Thanks, I think I understand better. We have some progress here:
We agree that the naive model of a selfish person who doesn’t have any interest in helping others hardly ever describes real people .
We seem to agree that guilt-aversion as a desire doesn’t make sense, but maybe for different reasons.
I think it doesn’t make sense because when I say someone desires X, I mean that they prefer worlds with property X over worlds lacking that property, and I’m only interested in X’s that describe the part of the world outside of their own thought process. For the purposes of figuring out what someone desires, I don’t care if they want it because of guilt aversion or because they’re hungry or some other motive; all I care is that I expect them to make some effort to make it happen, given the opportunity, and taking into account their (perhaps false) model of how the world works.
Maybe I do agree with you enough on this that the difference is unimportant. You said:
If the aim is actually guilt-aversion, this collapses back to position 1), because the
person must admit to themselves that other people’s desires are only a correlate of
what they want (which is to not feel guilty).
I think you’re assuming here that people who claim a desire to help people and are really motivated by guilt-aversion are ineffective. I’m not sure that’s always true. Certainly, if they’re ineffective at helping people due to their own internal process, in practice they don’t really want to help people.
Has a desire to help others, and pursues it in good faith, using some definition of
which universes are preferable that does not weight their own desires over the
desires of others.
I don’t know what it means to “weight their own desires over the desires of others”. If I’m willing to donate a kidney but not donate my only liver, and the potential liver recipient desires to have a better liver, have I weighted my own desires over the desires of others? Maybe you meant “weight their own desires to the exclusion of the desires of others”.
We might disagree about what it means to help others. Personally, I don’t care much about what people want. For example, I have a friend who is alcoholic. He desires alcohol. I care about him and have provided him with room and board in the past when he needed it, but I don’t want him to get alcohol. So my compassion for him is about me wanting to move the world (including him) to the place I want it to go, not some compromise between my desires and his desires.
So I want what I want, and my actions are based on what I want. Some of the things I want give other people some of the things they want. Should it be some other way?

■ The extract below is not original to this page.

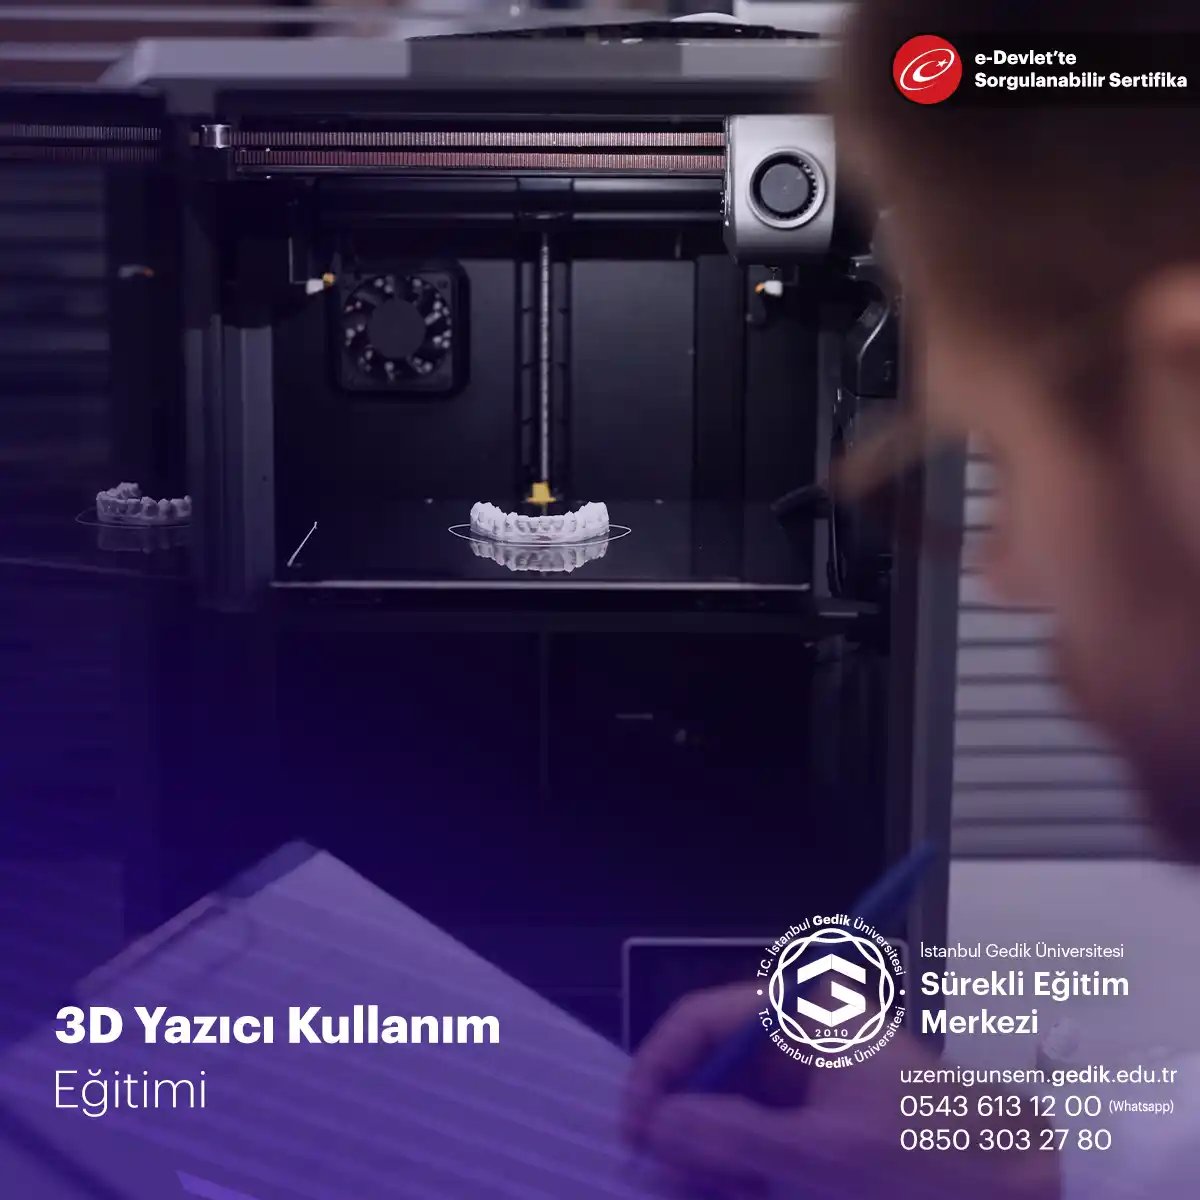 3D Yazıcı Kullanım Eğitimi Sertifika Programı

Now a Friendly AI is different. When we’re setting up its utility function, it has no built-in desires of its own, so the only reasonable thing for it to desire is some average of the desires of whoever it’s being Friendly toward. But you and I are human, so we’re not like that—we come into this with our own desires. Let’s not confuse the two and try to act like a machine.
Yes, I think we’re converging onto the interesting disagreements.
I think you’re assuming here that people who claim a desire to help people and are really motivated by guilt-aversion are ineffective. I’m not sure that’s always true. Certainly, if they’re ineffective at helping people due to their own internal process, in practice they don’t really want to help people.
This is largely an empirical point, but I think we differ on it substantially.
I think if people don’t think analytically, and even a little ruthlessly, they’re very ineffective at helping people. The list of failure modes is long. People prefer to help people they can see at the expense of those out of sight who could be helped more cheaply. They’re irrationally intolerant of uncertainty of outcome. They’re not properly sensitive to scale. I haven’t cited these points, but hopefully you agree. If not we can dig a little deeper into them.
I don’t know what it means to “weight their own desires over the desires of others”. If I’m willing to donate a kidney but not donate my only liver, and the potential liver recipient desires to have a better liver, have I weighted my own desires over the desires of others? Maybe you meant “weight their own desires to the exclusion of the desires of others”.
I just meant that self-utility doesn’t get a huge multiplier when compared against others-utility. In the transplant donation example, you get just as much out of your liver as whoever you might give it to. So you’d be going down N utilons and they’d be going up N utilons, and there would be a substantial transaction cost of M utilons. So liver donation wouldn’t be a useful thing to do.
In another example, imagine your organs could save, say, 10 lives. I wouldn’t do that. There are two angles here.
The first is about strategy. You don’t improve the world by being a sucker who can be taken advantage of. You do have to fight your corner, too, otherwise you just promote free-riding. If all the do-gooders get organ harvested, the world is probably not better off.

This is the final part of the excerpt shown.